*** Opening Data under study ***
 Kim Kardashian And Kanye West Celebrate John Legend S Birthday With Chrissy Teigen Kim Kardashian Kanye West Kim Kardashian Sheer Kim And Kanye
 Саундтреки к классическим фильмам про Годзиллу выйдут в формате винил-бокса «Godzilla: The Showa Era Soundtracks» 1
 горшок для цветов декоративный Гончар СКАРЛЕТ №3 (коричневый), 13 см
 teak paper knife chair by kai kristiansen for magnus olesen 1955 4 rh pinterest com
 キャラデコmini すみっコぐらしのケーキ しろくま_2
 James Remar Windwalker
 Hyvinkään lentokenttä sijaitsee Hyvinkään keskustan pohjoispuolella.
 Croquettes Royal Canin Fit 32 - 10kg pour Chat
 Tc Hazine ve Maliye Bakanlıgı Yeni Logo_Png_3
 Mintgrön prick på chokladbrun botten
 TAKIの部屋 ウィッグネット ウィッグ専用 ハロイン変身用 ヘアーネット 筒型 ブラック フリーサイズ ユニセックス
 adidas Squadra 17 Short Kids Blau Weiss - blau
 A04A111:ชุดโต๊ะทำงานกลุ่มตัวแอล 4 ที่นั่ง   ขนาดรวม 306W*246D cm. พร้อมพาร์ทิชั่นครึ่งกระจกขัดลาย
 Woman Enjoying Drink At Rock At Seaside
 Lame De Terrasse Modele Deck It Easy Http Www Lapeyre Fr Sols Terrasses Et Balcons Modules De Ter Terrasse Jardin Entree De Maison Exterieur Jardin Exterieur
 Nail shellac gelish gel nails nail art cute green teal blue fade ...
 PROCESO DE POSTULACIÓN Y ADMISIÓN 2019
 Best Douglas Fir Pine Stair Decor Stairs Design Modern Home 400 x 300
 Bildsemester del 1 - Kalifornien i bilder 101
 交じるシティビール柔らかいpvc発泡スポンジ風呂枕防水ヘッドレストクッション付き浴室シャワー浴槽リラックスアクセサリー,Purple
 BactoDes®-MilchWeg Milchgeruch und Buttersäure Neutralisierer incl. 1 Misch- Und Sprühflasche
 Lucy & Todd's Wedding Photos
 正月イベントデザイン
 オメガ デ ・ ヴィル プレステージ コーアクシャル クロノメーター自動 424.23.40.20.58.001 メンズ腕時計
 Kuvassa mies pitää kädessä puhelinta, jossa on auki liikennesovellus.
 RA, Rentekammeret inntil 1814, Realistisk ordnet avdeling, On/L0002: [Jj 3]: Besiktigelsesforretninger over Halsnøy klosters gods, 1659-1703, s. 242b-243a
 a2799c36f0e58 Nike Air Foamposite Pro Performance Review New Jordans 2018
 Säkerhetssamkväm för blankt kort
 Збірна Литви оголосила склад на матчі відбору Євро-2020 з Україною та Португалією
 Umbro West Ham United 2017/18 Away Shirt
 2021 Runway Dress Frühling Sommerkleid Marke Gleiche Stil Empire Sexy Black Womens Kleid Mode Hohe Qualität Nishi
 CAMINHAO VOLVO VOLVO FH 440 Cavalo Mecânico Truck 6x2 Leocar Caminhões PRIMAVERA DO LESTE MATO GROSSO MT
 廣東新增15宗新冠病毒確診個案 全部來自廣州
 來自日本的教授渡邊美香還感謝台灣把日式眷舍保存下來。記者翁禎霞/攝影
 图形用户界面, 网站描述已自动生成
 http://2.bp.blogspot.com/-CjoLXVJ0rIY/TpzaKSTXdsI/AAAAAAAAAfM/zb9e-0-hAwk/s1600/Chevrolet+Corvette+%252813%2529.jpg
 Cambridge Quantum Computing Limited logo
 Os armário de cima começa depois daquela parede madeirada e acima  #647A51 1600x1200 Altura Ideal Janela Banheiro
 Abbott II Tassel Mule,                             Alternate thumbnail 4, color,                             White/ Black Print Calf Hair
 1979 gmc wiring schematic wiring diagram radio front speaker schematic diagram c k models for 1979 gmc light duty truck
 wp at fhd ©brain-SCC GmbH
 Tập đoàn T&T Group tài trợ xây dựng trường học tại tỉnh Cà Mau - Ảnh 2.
*** Closing Data under study ***
Scan the entries above for the line containing "A04A111:ชุดโต๊ะทำงานกลุ่มตัวแอล 4 ที่นั่ง", and copy it and all lines after it exactly, down to and including the line containing "Lame De Terrasse".

 A04A111:ชุดโต๊ะทำงานกลุ่มตัวแอล 4 ที่นั่ง   ขนาดรวม 306W*246D cm. พร้อมพาร์ทิชั่นครึ่งกระจกขัดลาย
 Woman Enjoying Drink At Rock At Seaside
 Lame De Terrasse Modele Deck It Easy Http Www Lapeyre Fr Sols Terrasses Et Balcons Modules De Ter Terrasse Jardin Entree De Maison Exterieur Jardin Exterieur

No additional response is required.